*** Dataset section ***

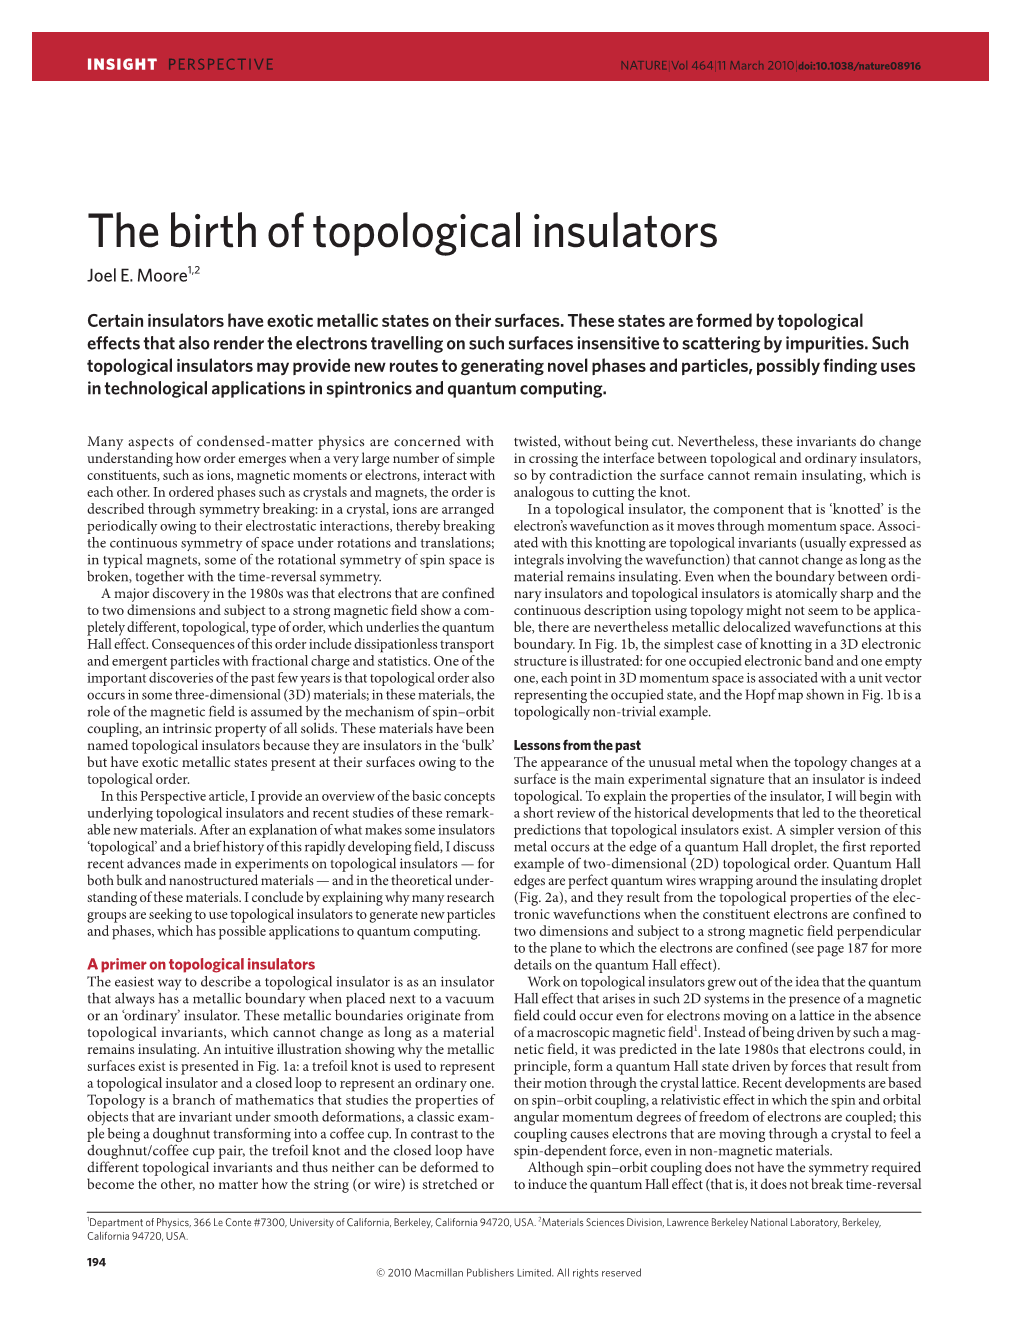 The Birth of Topological Insulators Joel E
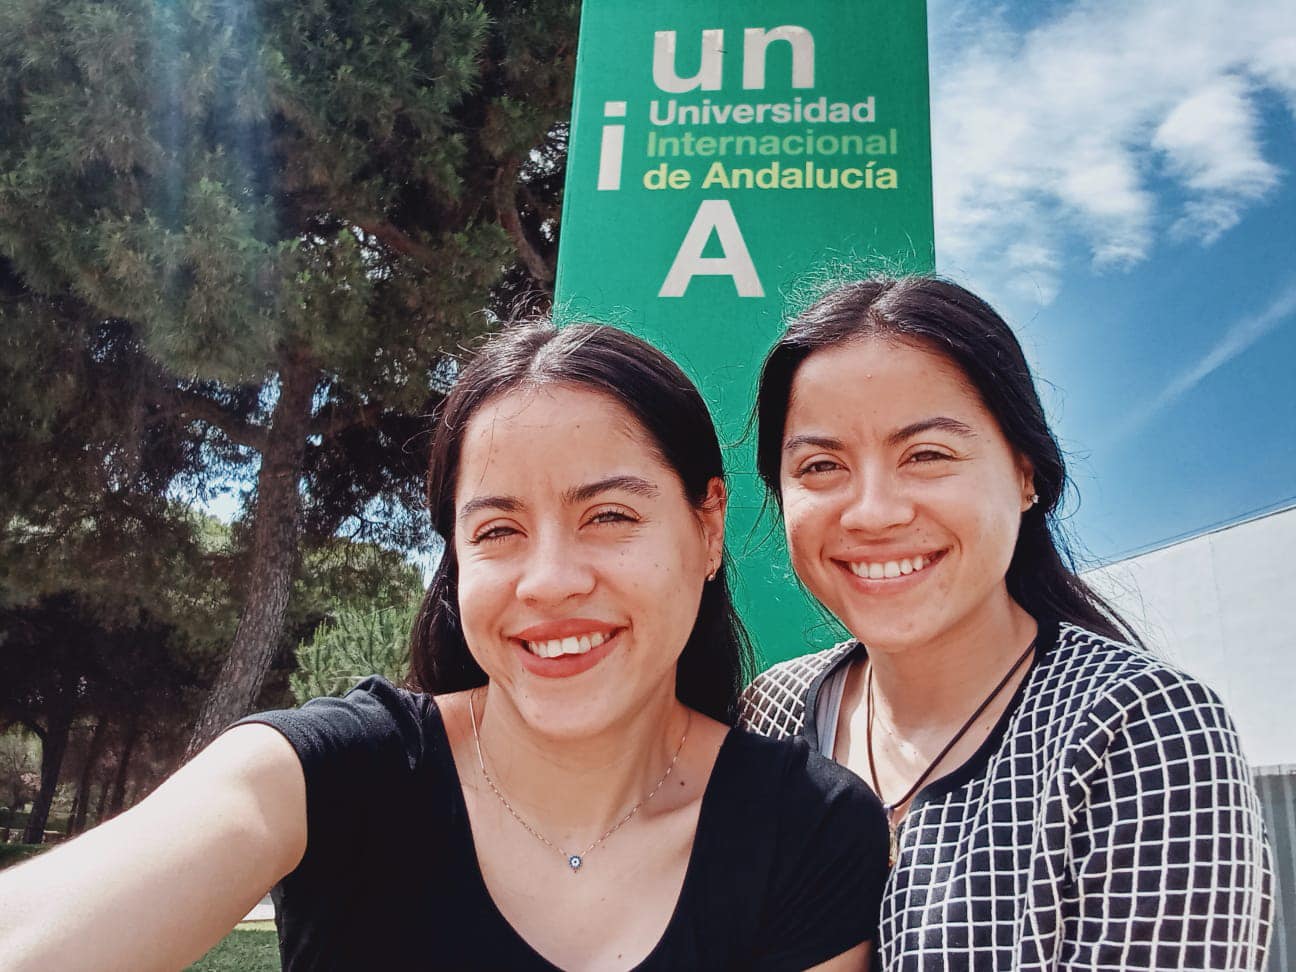 Gemelas hondureñas reciben beca en la Universidad Internacional de Andalucía
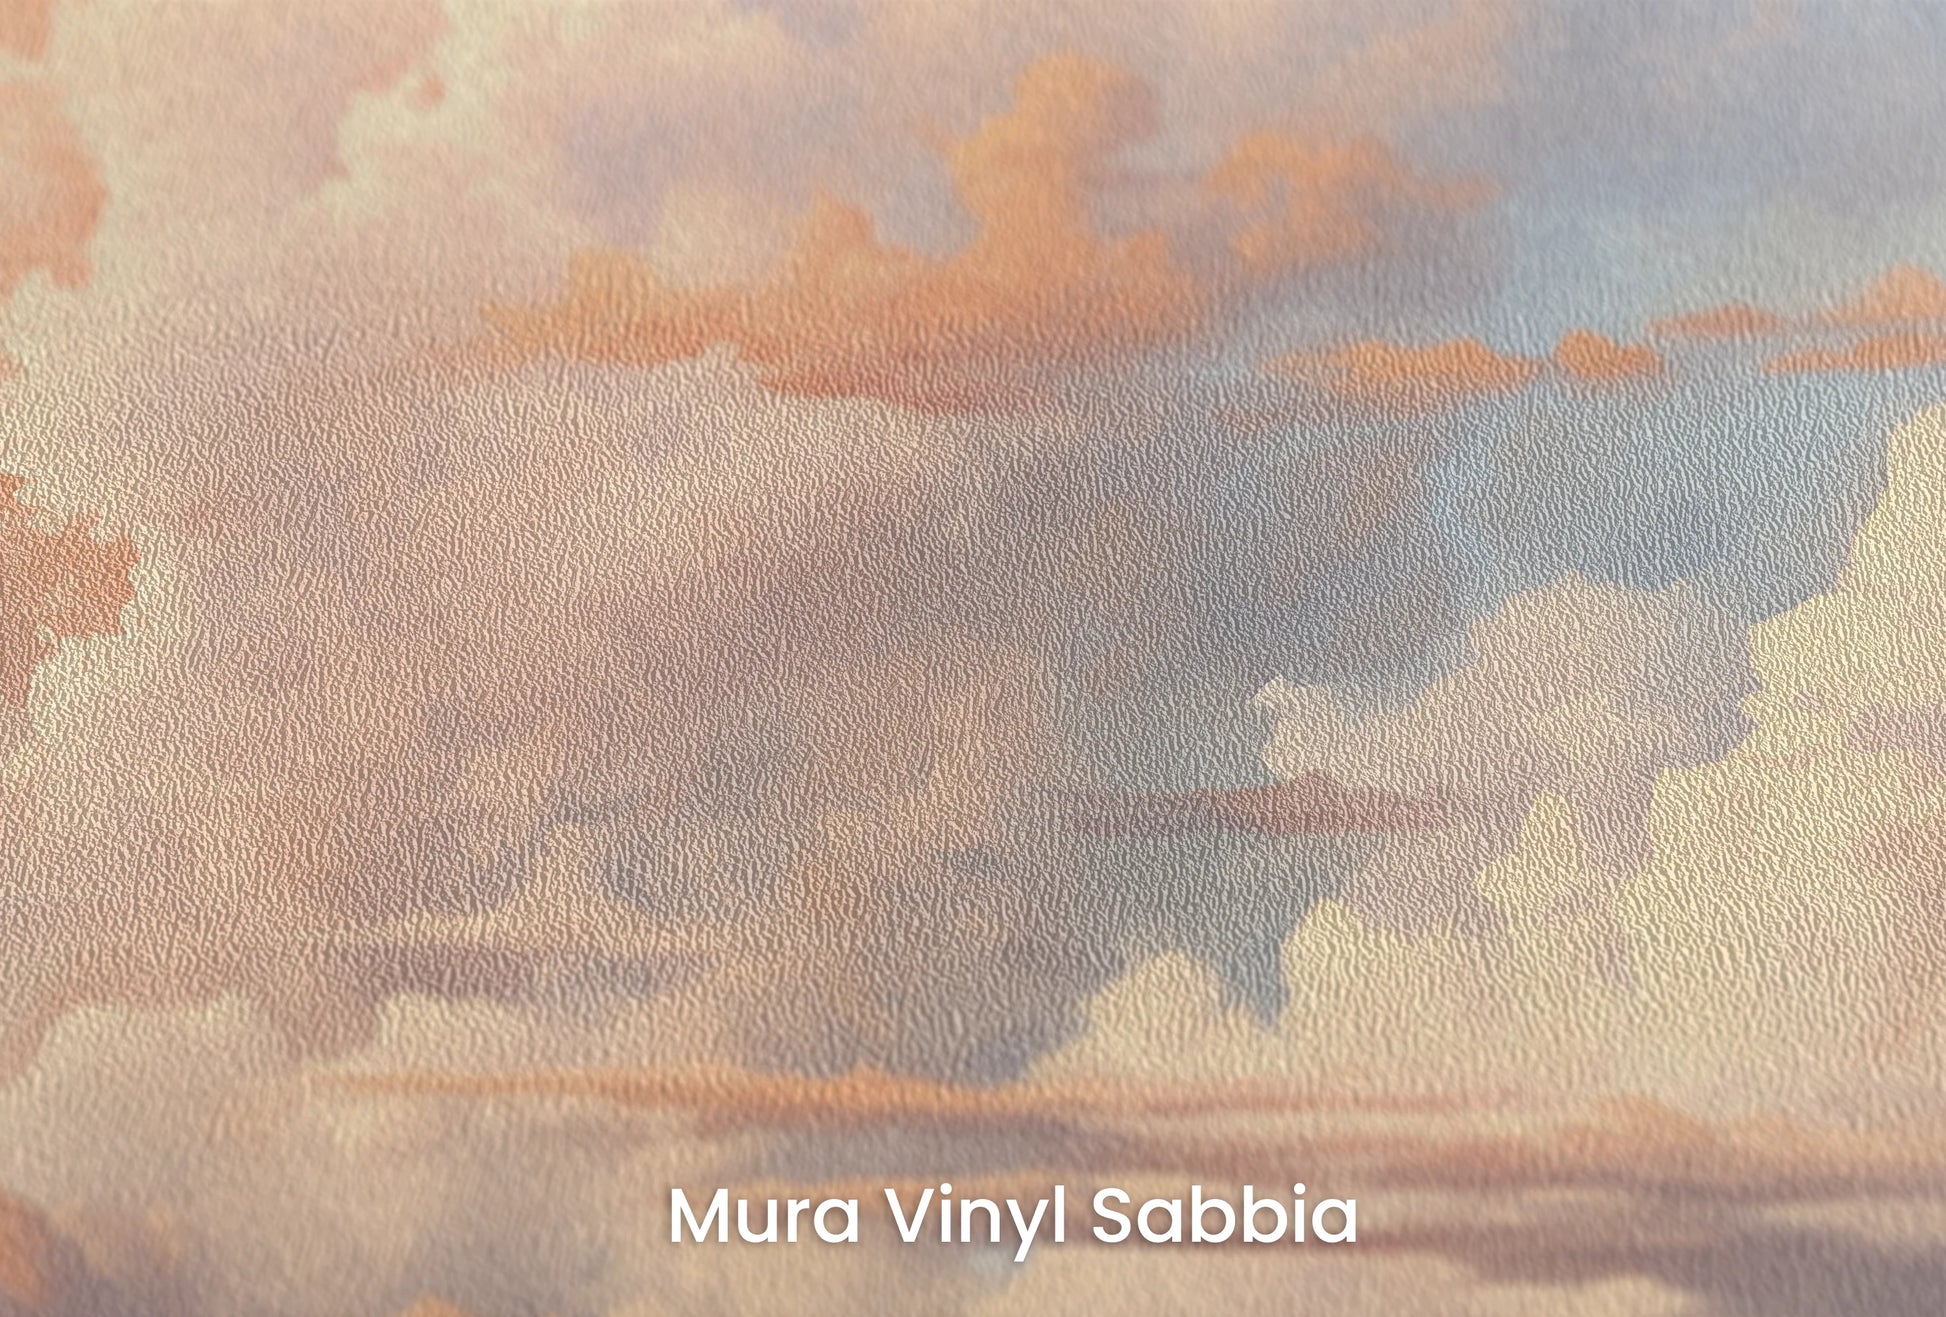 Zbliżenie na artystyczną fototapetę o nazwie Dawn's Promise na podłożu Mura Vinyl Sabbia struktura grubego ziarna piasku.
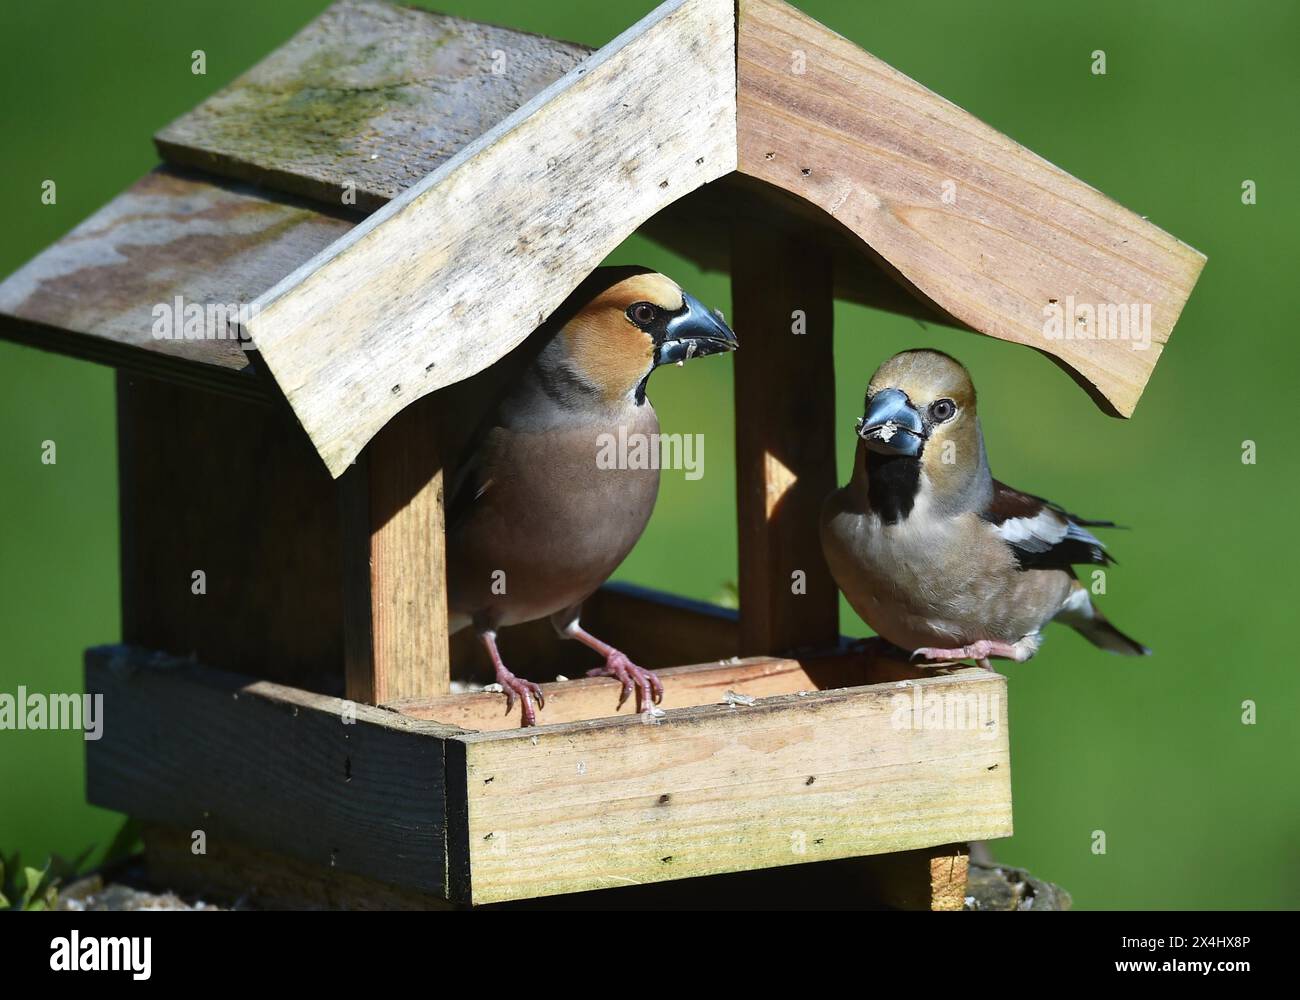 Hawfinch (Coccothraustes coccothraustes) pendant l'accouplement de l'alimentation dans la maison d'oiseaux au printemps Banque D'Images

*** End of Dataset section ***

Exercise requirements :: From the line containing "Zbliżenie na artystyczną" through the final line of the listing, copy every line exactly and nothing else. Skip the pictures.

Solution to this exercise ::
 Zbliżenie na artystyczną fototapetę o nazwie Dawn's Promise na podłożu Mura Vinyl Sabbia struktura grubego ziarna piasku.
 Hawfinch (Coccothraustes coccothraustes) pendant l'accouplement de l'alimentation dans la maison d'oiseaux au printemps Banque D'Images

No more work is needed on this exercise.